B) Ce que les sciences sociales gagnent à analyser le bonheur.
- L’expression de modalités diversifiées du bonheur (doc.7), tempérée par le cumul des désavantages
en termes de qualité de vie du 1er quartile de revenu (doc.8) permet d’éviter les écueils du
misérabilisme et du populisme (cf J.C Passeron et C. Grignon, Le savant et le populaire, 1989) . En
prenant le bonheur comme objet d’analyse, la sociologie peut préciser le degré d’autonomie de la
Culture du pauvre (R. Hoggart, 1957)
- La déconnection entre P.I.B. / hab. et bonheur (doc.2) invite les économistes à ne plus se cantonner
à la dimension matérielle du bonheur.

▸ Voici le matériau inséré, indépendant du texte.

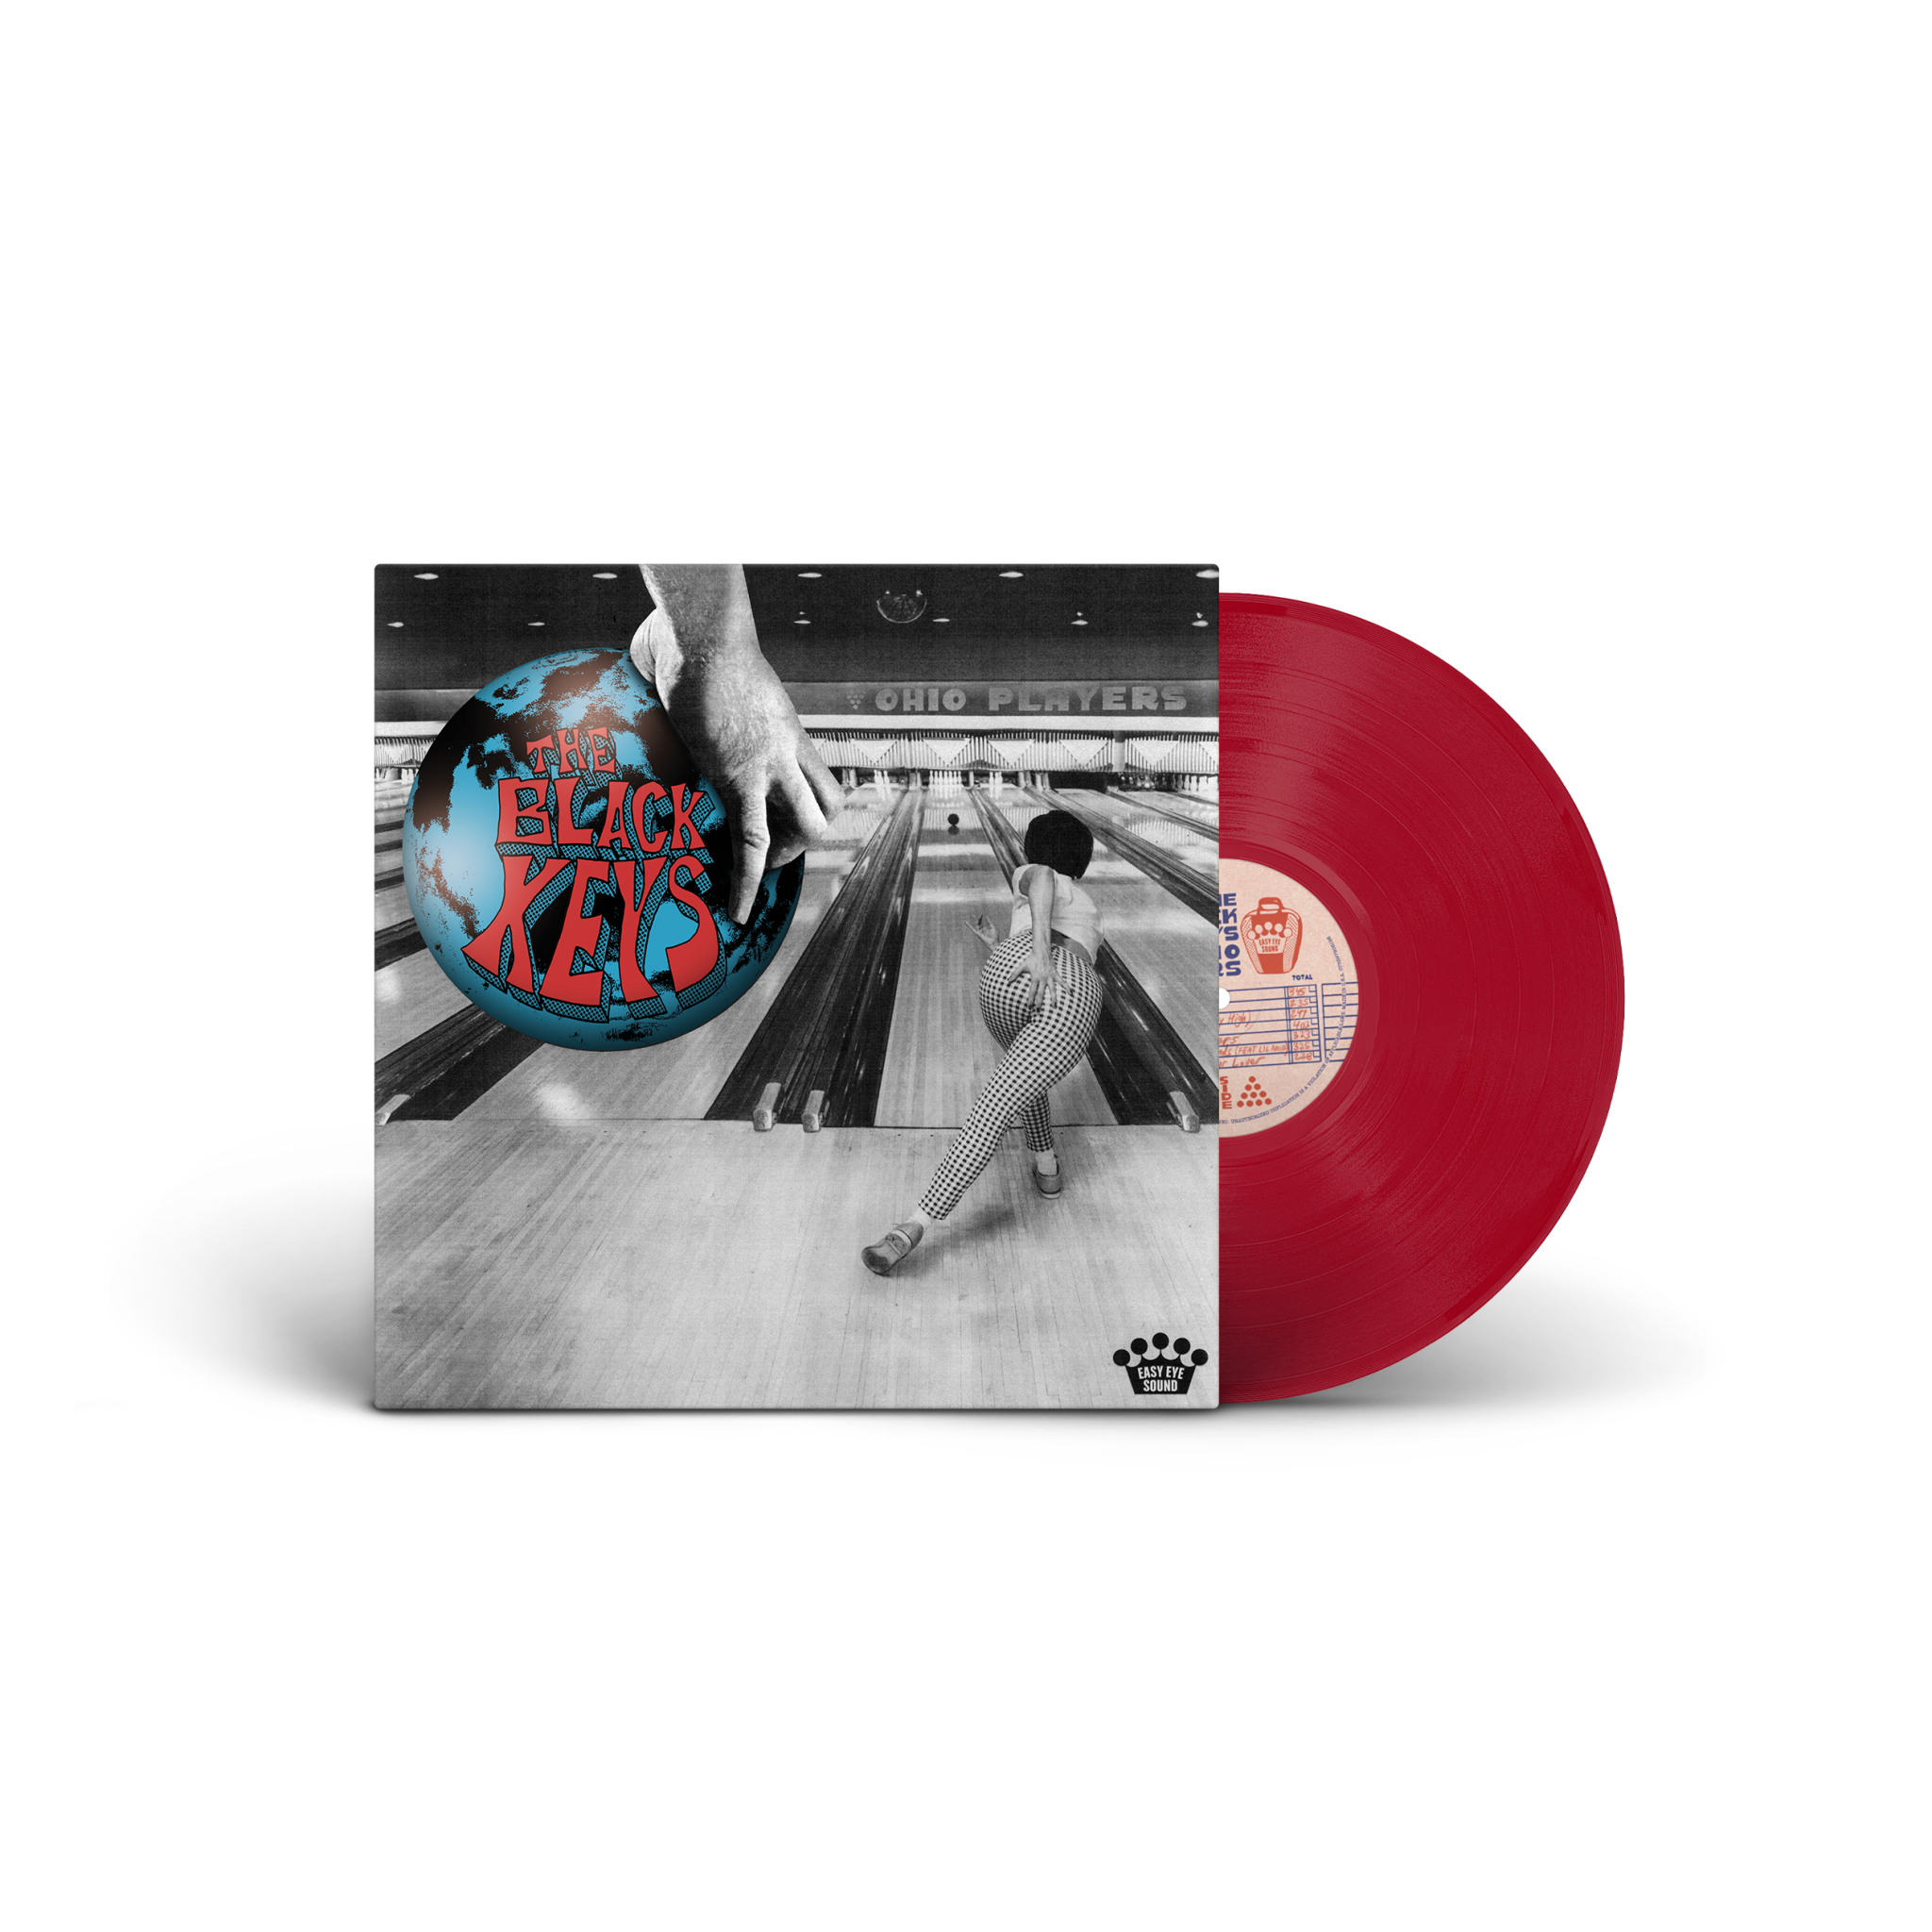 Order The Black Keys - Ohio Players (Indie Exclusive, Limited Edition Apple Red Vinyl)
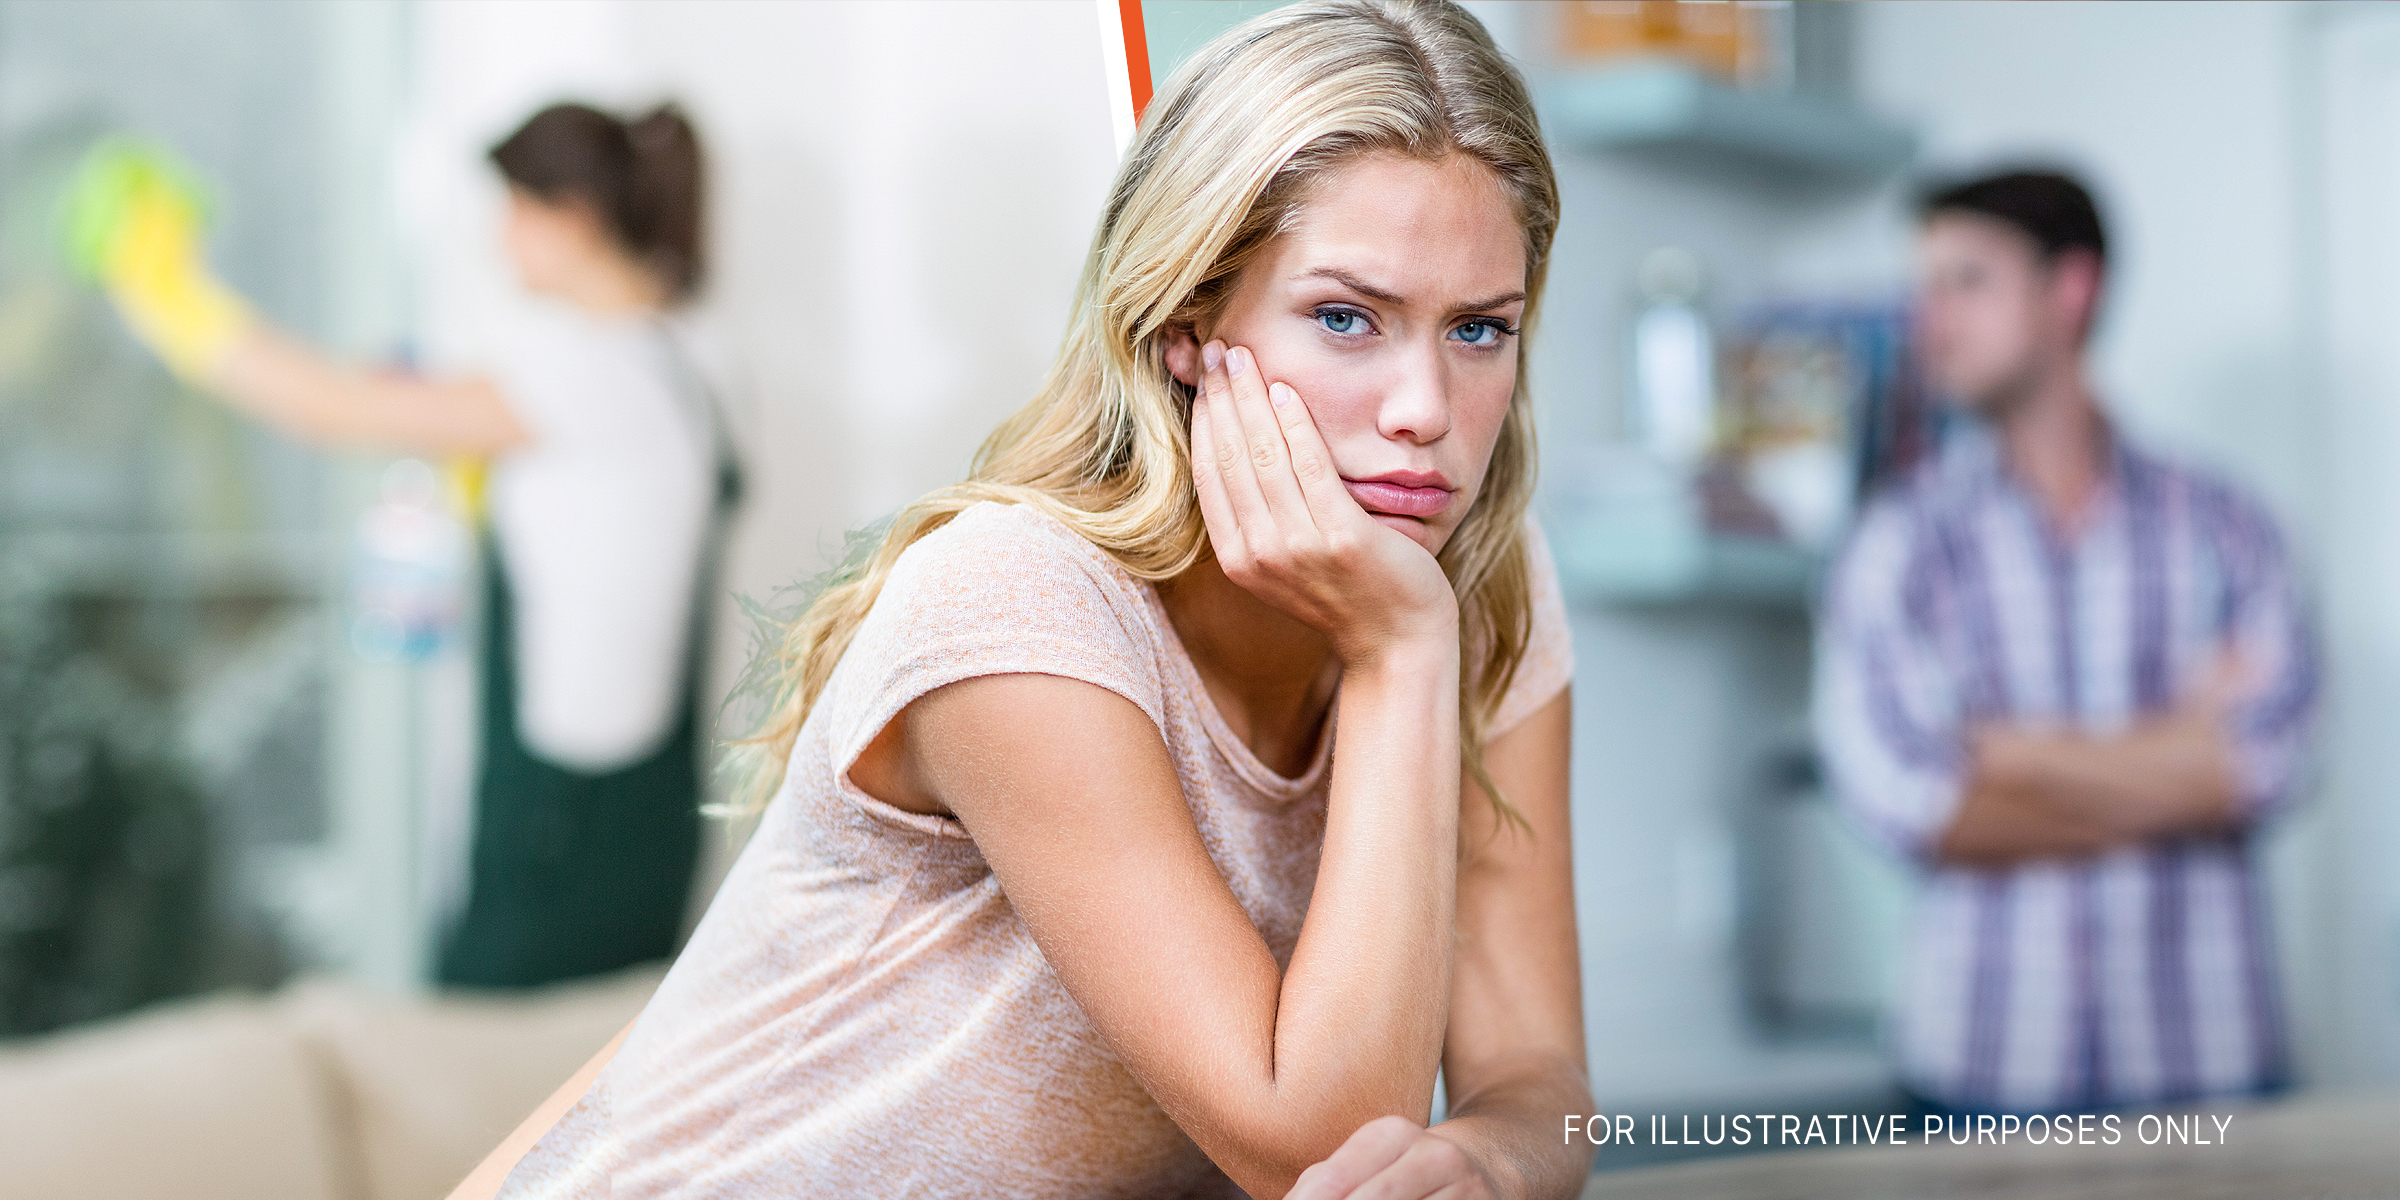 Woman frowning | Source: Shutterstock

A. Marshall (Principes d’économie politique, 1890) avait déjà
fait du loisir une variable de la fonction d’utilité, à arbitrer avec les biens que procurent le revenu du
travail. La nouvelle microéconomie du consommateur initiée par G. Becker ( « A theory of the
allocation of time », Economic Journal, 1965) et K. Lancaster (« A new approach to consumer theory
», Journal of Political Economy, 1966) affine l’articulation entre travail salarié, travail domestique et
loisir, l’utilité n’est plus strictement rapportée au revenu perçu. L’indice de développement humain est
un indicateur complémentaire au P.I.B. Cet indice agrège le niveau de vie, l’espérance de vie et le
niveau d’éducation.
Nous verrons plus tard que cet indice émane des travaux d’A. Sen, en particulier de la notion de
“capabilités” ou “capacités”.
C) Les sciences sociales reformulent la demande sociale d’analyse du bonheur.
- Les sciences sociales n’apportent pas la réponse attendue à la question qui leur est adressée. Elle ne
peuvent identifier de façon univoque des mesures de politiques publiques qui rendraient la population
plus heureuse, en revanche elles peuvent dégager les effets sociaux de la question elle-même : quel
sens donner à la thématisation du bonheur dans les discours publics?
- L. Boltanski et E. Chiapello documentent les effets ambigus de cette injonction au bonheur. Le nouvel
esprit du capitalisme (1999) promeut ainsi l’accomplissement personnel au travail, en réaction à la
“critique artiste” du capitalisme qui en dénonçait le caractère aliénant. La “cité par projet” incarne cette
référence au bonheur par les nouvelles méthodes de management. Cependant, cette invocation du
bonheur produit une aliénation au second degré : elle individualise le rapport au travail, déconstruit les
collectifs, individualise également les trajectoires, faisant par exemple ressentir les licenciements
comme des échecs personnels, isole les travailleurs, étouffe les conflits sociaux. En effet, il est plus
difficile de contester collectivement l’organisation du travail lorsqu’elle se présente comme conçue
pour s’adapter aux aspirations individuelles de chacun.